## What you need to do
Please, in the data that follows, copy exactly the lines from the line with "New Backstrom Washington" through the last one, both included. Do not include pictures.

## Data block

[Start of section]

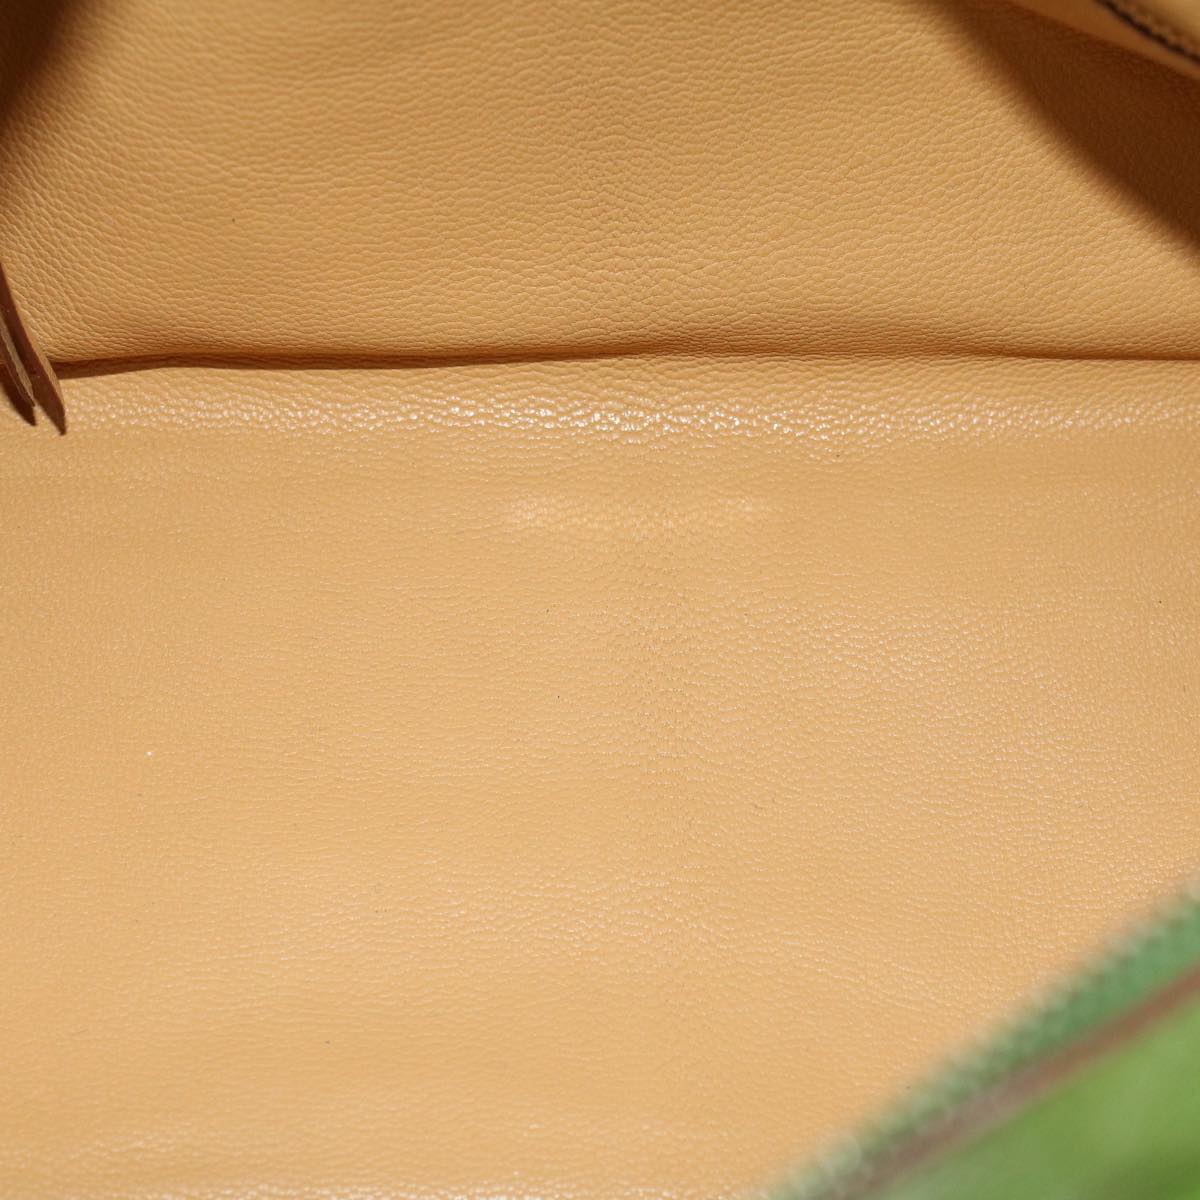 PRADA Hand Bag Leather Green Auth 53715
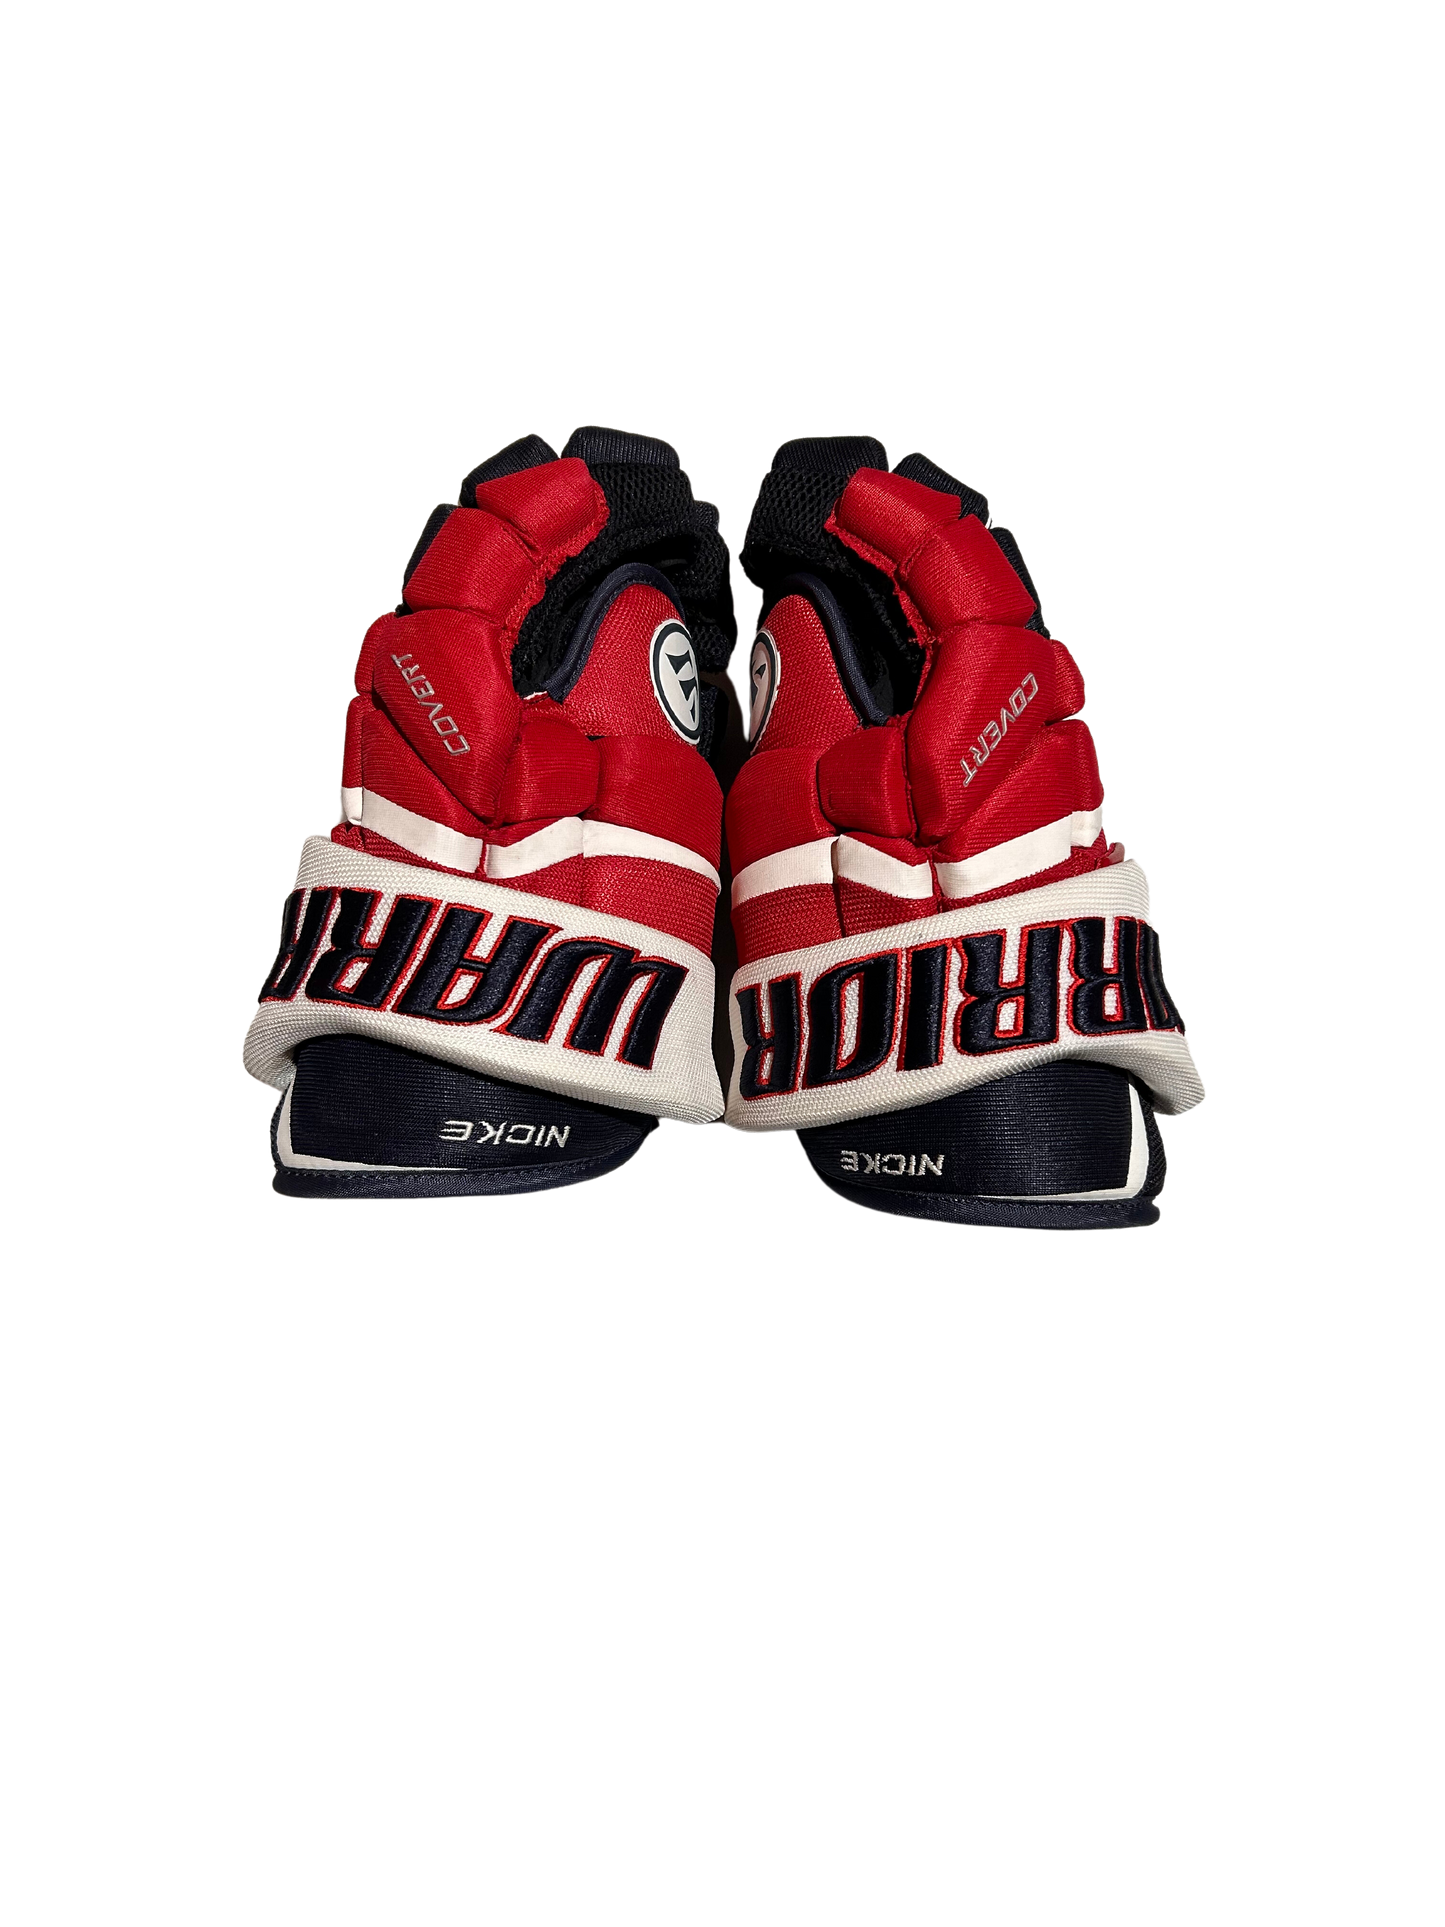 New Backstrom Washington Capitals 13" Warrior Covert Pro Gloves
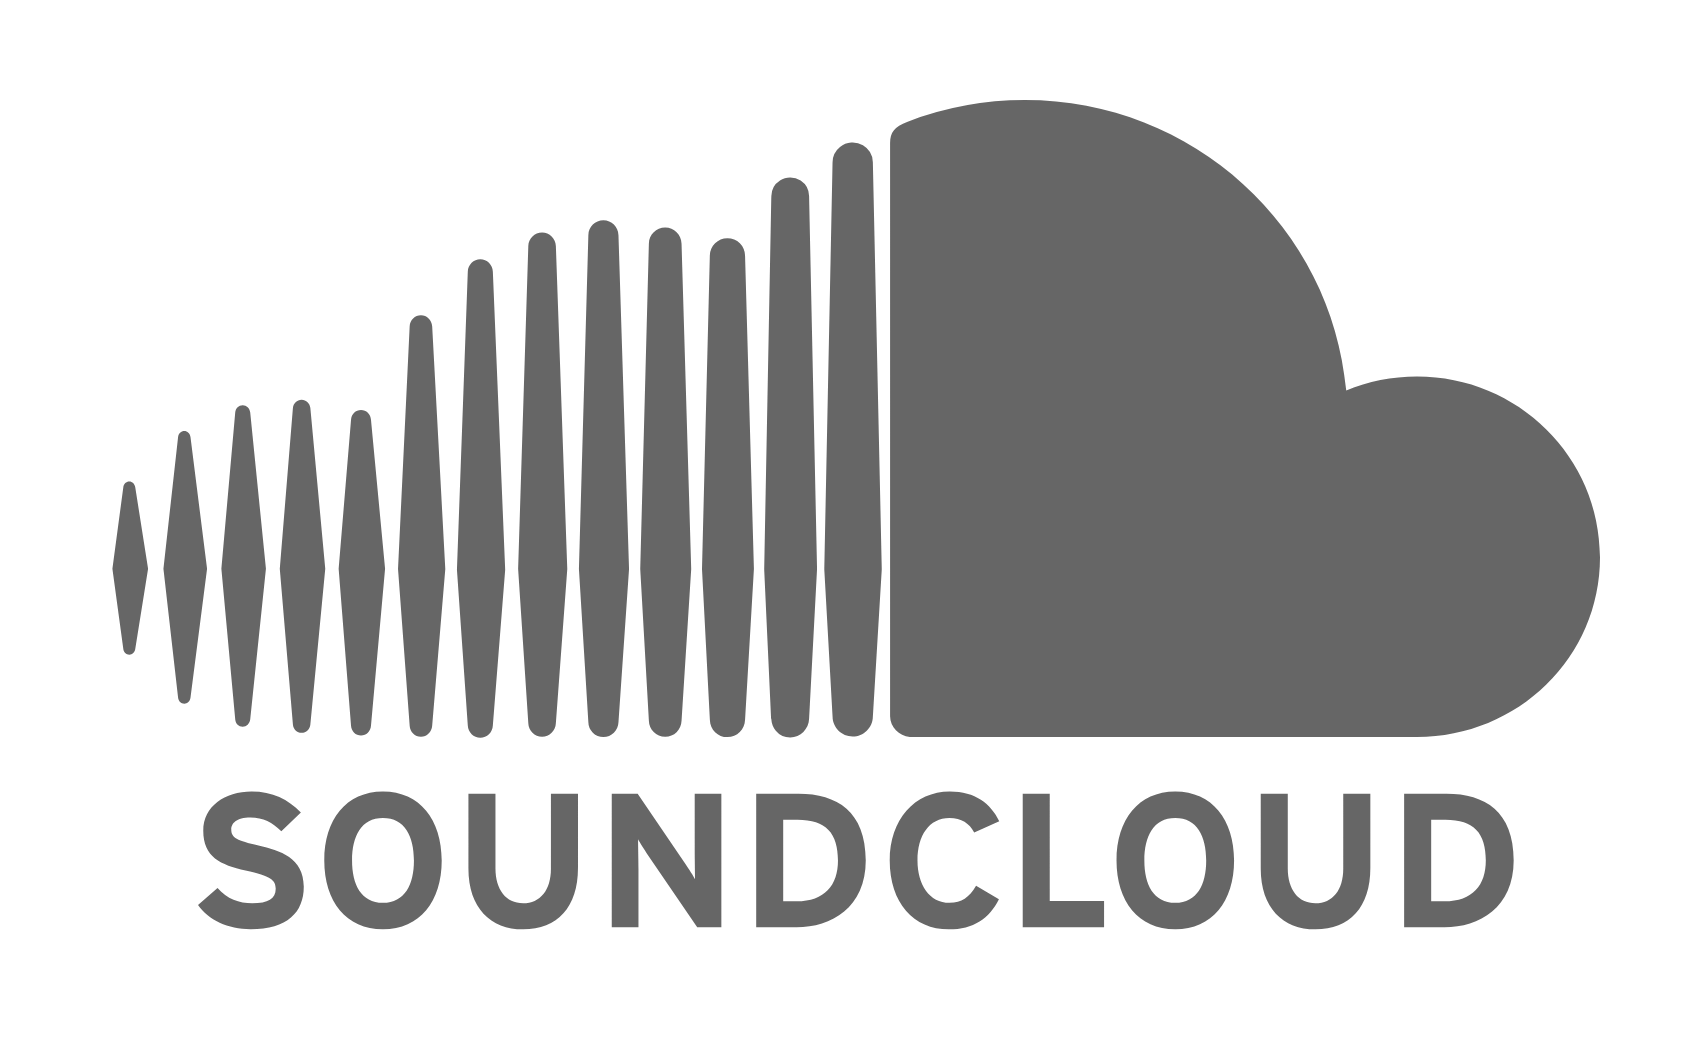 Download SoundCloud Black Logo PNG and Vector (PDF, SVG, Ai, EPS) Free

[End of section]

## Result of this task
 New Backstrom Washington Capitals 13" Warrior Covert Pro Gloves
 Download SoundCloud Black Logo PNG and Vector (PDF, SVG, Ai, EPS) Free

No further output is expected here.